● YOUR GOAL
Copy exactly the stretch of data below from the line with "Cajas navidad para" through the line with "Kem đánh răng", including both of those lines.

● MATERIALS PROVIDED
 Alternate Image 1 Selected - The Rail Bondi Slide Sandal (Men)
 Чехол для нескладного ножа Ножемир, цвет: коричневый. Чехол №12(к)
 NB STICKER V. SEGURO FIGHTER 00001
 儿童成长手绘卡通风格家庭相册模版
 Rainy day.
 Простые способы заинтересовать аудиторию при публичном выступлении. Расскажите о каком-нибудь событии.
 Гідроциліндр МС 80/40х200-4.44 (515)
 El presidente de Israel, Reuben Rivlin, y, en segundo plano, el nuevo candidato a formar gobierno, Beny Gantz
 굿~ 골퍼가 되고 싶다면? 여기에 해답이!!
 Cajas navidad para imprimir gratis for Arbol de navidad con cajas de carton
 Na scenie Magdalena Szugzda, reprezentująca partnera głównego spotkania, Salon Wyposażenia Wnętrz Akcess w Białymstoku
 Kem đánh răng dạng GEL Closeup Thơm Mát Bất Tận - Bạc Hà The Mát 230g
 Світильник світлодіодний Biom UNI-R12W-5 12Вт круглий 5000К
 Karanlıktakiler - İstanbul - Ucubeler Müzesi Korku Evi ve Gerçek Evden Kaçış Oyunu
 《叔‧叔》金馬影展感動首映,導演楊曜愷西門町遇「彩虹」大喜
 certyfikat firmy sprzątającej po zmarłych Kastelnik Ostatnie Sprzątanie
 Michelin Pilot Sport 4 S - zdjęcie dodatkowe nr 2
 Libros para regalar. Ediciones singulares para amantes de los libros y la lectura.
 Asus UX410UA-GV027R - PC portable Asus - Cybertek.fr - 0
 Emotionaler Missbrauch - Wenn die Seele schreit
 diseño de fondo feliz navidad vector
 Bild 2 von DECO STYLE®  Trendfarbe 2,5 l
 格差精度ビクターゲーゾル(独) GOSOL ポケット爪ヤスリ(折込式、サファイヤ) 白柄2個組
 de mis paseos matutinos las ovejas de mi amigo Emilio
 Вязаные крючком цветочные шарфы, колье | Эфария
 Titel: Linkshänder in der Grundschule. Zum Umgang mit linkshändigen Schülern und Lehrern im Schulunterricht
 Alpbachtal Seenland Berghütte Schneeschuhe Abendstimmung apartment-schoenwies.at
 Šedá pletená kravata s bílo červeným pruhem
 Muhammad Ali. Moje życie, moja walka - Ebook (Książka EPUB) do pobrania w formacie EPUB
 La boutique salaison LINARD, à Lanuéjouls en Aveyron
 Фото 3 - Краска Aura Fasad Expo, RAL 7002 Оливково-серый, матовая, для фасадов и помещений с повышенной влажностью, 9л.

● RESULT OF THE EXERCISE
 Cajas navidad para imprimir gratis for Arbol de navidad con cajas de carton
 Na scenie Magdalena Szugzda, reprezentująca partnera głównego spotkania, Salon Wyposażenia Wnętrz Akcess w Białymstoku
 Kem đánh răng dạng GEL Closeup Thơm Mát Bất Tận - Bạc Hà The Mát 230g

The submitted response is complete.